# Used 08 Cannondale Six13 6 - questions



## turtleclimber (Oct 17, 2008)

Hey guys,
A friend of mine needs the money and is selling his bike - 2008 Cdale Six 13 6. He's only been on it 6 times (seriously). I am considering buying it from him - could use advice on pricing. Saw one completed listing on ebay for $720. He said find the best sold price out there and he'll match it. 

Anyway some background - I have an 06 Cannondale cyclocross which I've put road wheels on for pavement duty. However the frame is one size too small (found this out from my bike fit guy), so I've been looking to add a road bike at my correct size.
My CX bike is fun and feels very stiff - great for power transfer, but sometimes I'm wishing I had a bit nicer ride as I start to pile on the miles, especially on the rough roads we have around here. I would say I'm an intermediate rider, I can hang with the the #2 group on local rides and generally I go for 30-40 mile rides. I hope to do a metric century this coming year.
I was thinking about a Synapse because I thought it would be a good contrast to my CX bike and be more plush. However I'm thinking about this Six 13 since the opportunity is here.

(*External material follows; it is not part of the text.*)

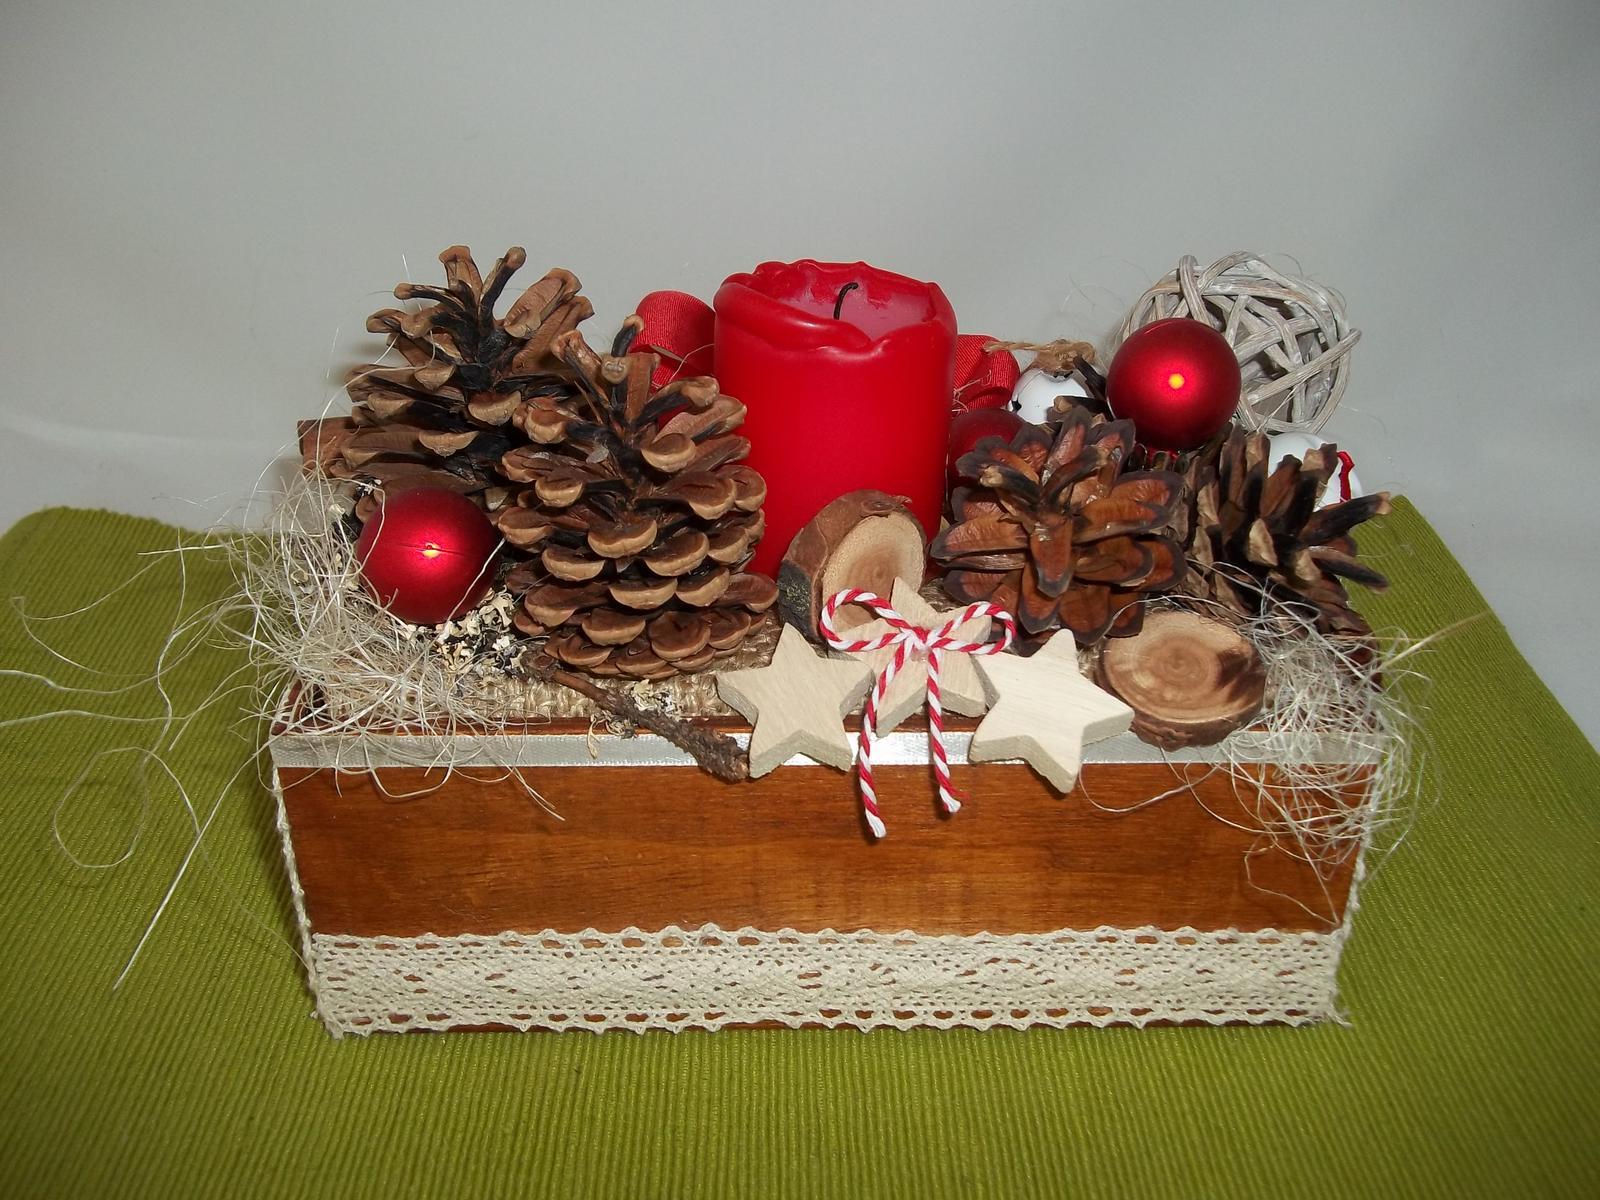 Vianočná dekorácia,cena je s poštovným - Obrázok č. 1

Could you maybe shed some light on my decision? Anyone have experience with all Alu vs the Six13 Alu/Carbon frame concerning ride and responsiveness?
The Six13 6 is an all Tiagra bike, would have liked 105 but my CX is all Tiagra + 105 RD and it works fine so this should be ok. 
I would probably put my Neuvation wheels on it instead of the stock Shimanos.
One thing I can't figure out (haven't seen the bike in person yet) is exactly what style BB it has. My CX has external cups ... I assume the Six13 is the same (ie they don't do square taper stuff anymore right?).
Also, it is the triple, which I don't need but it will work for now. Forsee any problems switching to a compact double later (ie are the shifters going to be okay with that)?
Sorry for some of the newbie questions I tend to just ride and not think about equipment too much until I get some wild idea about buying something again.... :idea: 

thanks...


----------



## gus68 (Oct 19, 2010)

What is you budget? 

Sounds like you want some upgrades and thed cheapest way for better components is to buy a complete bike.


----------



## turtleclimber (Oct 17, 2008)

Good point. I really am near the limit. Maybe could go up to $900.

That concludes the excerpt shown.